石井裕也監督作品の『月』について、実際に起こったある事件がモチーフになっています。

その事件とはどんな事件なのか、どこまで実話なのかといったことについて解説していきます。

管理人

まずは映画の概要です。

映画『月』は、主人公であり書けなくなってしまった元売れっ子小説家の堂島洋子の、新たに働き始めた重度障害者施設で出会った人々や家族との関わりを描いた物語です。

施設の劣悪な環境や障害者の立場の弱さや「人間とは何なのか?」という問いなどが題材として扱われています。

作品全体としては、あくまで「題材」としているだけであり、設定や登場人物は基本的に架空のものとなっています。

しかし、事件そのものにフォーカスすると共通点等も見えてきます

では、映画の中で起こった事件と実際に起こった事件の概要、そしてそれらの共通点や違い、の順に解説していきます。

映画『月』で起こった事件

まずは映画『月』で起こった事件について説明します。

映画『月』の中でクライマックスの大きな事件として出てくるのが、施設の入所者が多数殺傷されるというものです。

犯人は元職員の若い男性で、洋子や夫の昌平とも親交のあった「さとくん」です。

まずは犯行の動機についてです。

管理人

さとくんは障害を持った人々、中でも話せない、コミュニケーションが取れない者は「心がない」とし、人ではなく「無駄なもの」と考えていました。

そして「無駄なものを排除して社会をより良くする」ために犯行に及んだのです。

次に、さとくんが犯行に至るまでの経緯と犯行の状況についてです。

管理人

さとくんの持っている思想は、国会議員宛に送った手紙で明らかになります。

さとくんは精神病院に入院するも出てきた後に犯行に及んでいて、髪を金髪に染めたさとくんは、リュックに複数の凶器を入れ、深夜に元勤務先である重度障碍者施設に侵入します。

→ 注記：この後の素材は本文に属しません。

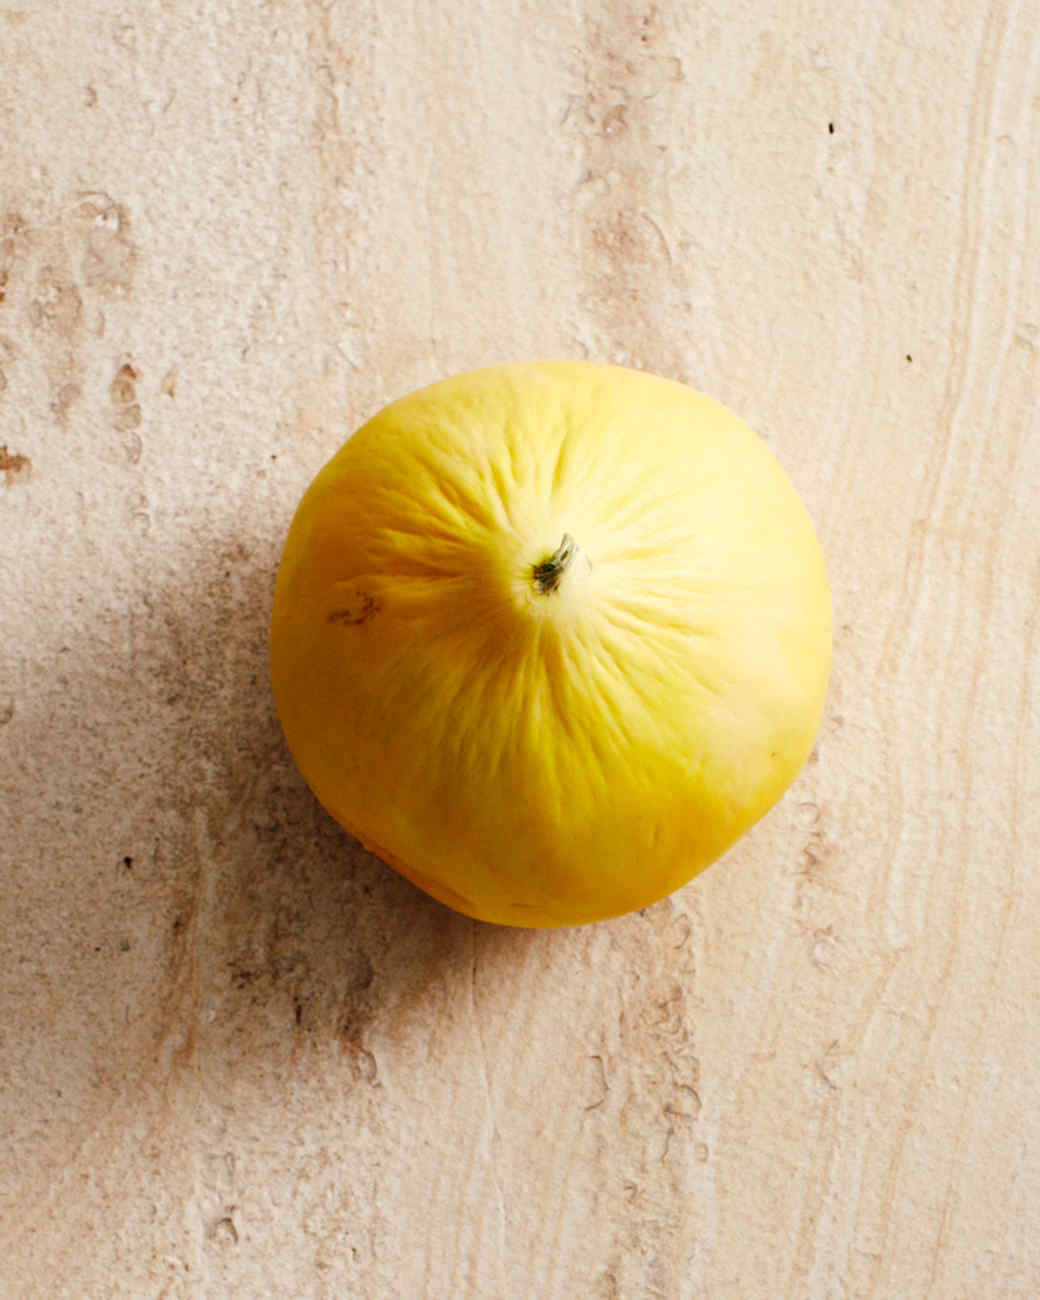 melon-ipad-cranshaw-0185-ld110630-0614.jpg
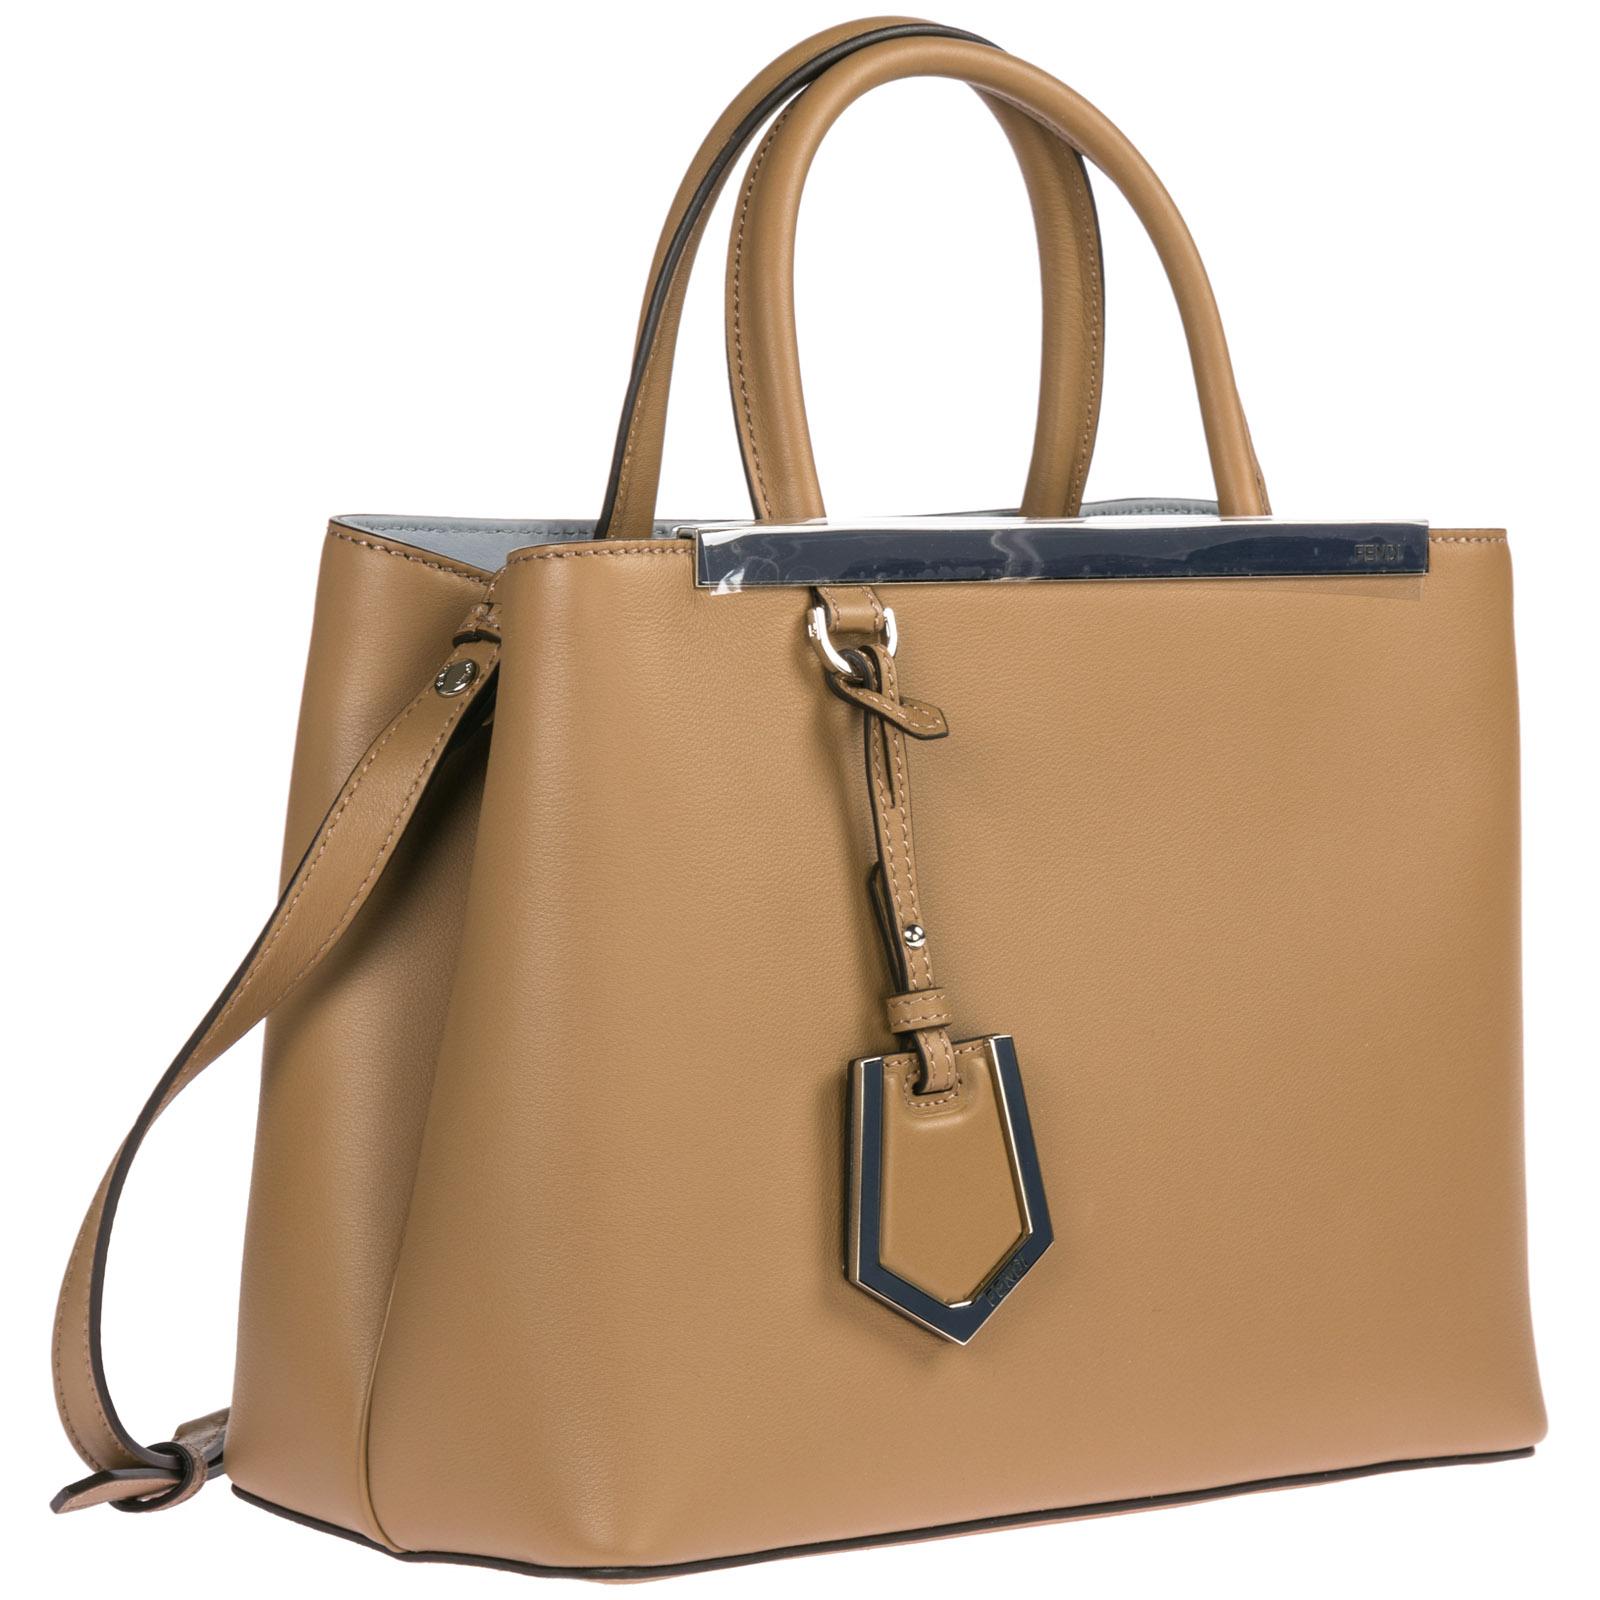 Leder handtasche damen tasche bag petite 2jours

「障害を持つ人々という無駄なものを排除する」ということが動機のため、職員に危害を加えたくはないと考えており、職員は手首を縛り付けて拘束しました。

そして、入所者については一人ひとり話ができるかということを確認していきながら、話のできない入所者については刃物で何度も切りつけたりして殺傷し、最終的には警察に確保されました。

実際に起こった事件を解説

次に実際に起こった事件である「相模原障害者施設殺傷事件」について説明します。

2016年に神奈川県相模原市にある知的障害者施設、「津久井やまゆり園」で起きた事件です。

死者19名、負傷者26名の計45名と、戦後最大の死傷者を出した事件でもあります。

犯人はやまゆり園の元職員で事件当時26歳だった植松聖という男性です。

まずは犯行動機についてです。

管理人

植松聖は「意思の疎通を図ることができない重度障害者は人ではなく、周囲にも迷惑をかけ、社会の負担となっている障害者を殺害することは社会貢献になる」という考えをもち、犯行に及びました。

そういった危険な思想を持っているという様子はかねてからあったようです。

また、施設の在職時にも、入所者への暴行や暴言などの問題があり、度々指導されたこともあるようです。

次に植松聖が犯行に至るまでの経緯と犯行の状況についてです。

管理人

犯行に及んだ同年に衆議院議長宛の手紙を職員に手渡し、危険な思想を持っていることが判明。

衆議院事務局が警察に該当の手紙を提出し、その後やまゆり園に情報提供がされました。

そして、植松聖に対しては精神科への入院措置が取られますが、退院後ついに犯行が実行されました。

植松聖は深夜に施設に侵入し、職員らを拘束した上で、入所者の殺傷に及びます。

あくまで「意思の疎通を図ることができない重度障害者」を殺害することを目的としていたため、入所者に声をかけながら直接切りつけられたりする職員もいなかったようです。

最終的には職員が警察に通報し、植松聖は自首、逮捕に至ります。

作中の事件と実際の事件の共通点や違いを解説

最後に映画『月』の作中の事件と、実際に起こった「相模原障害者施設殺傷事件」の共通点や違いについて見ていきます。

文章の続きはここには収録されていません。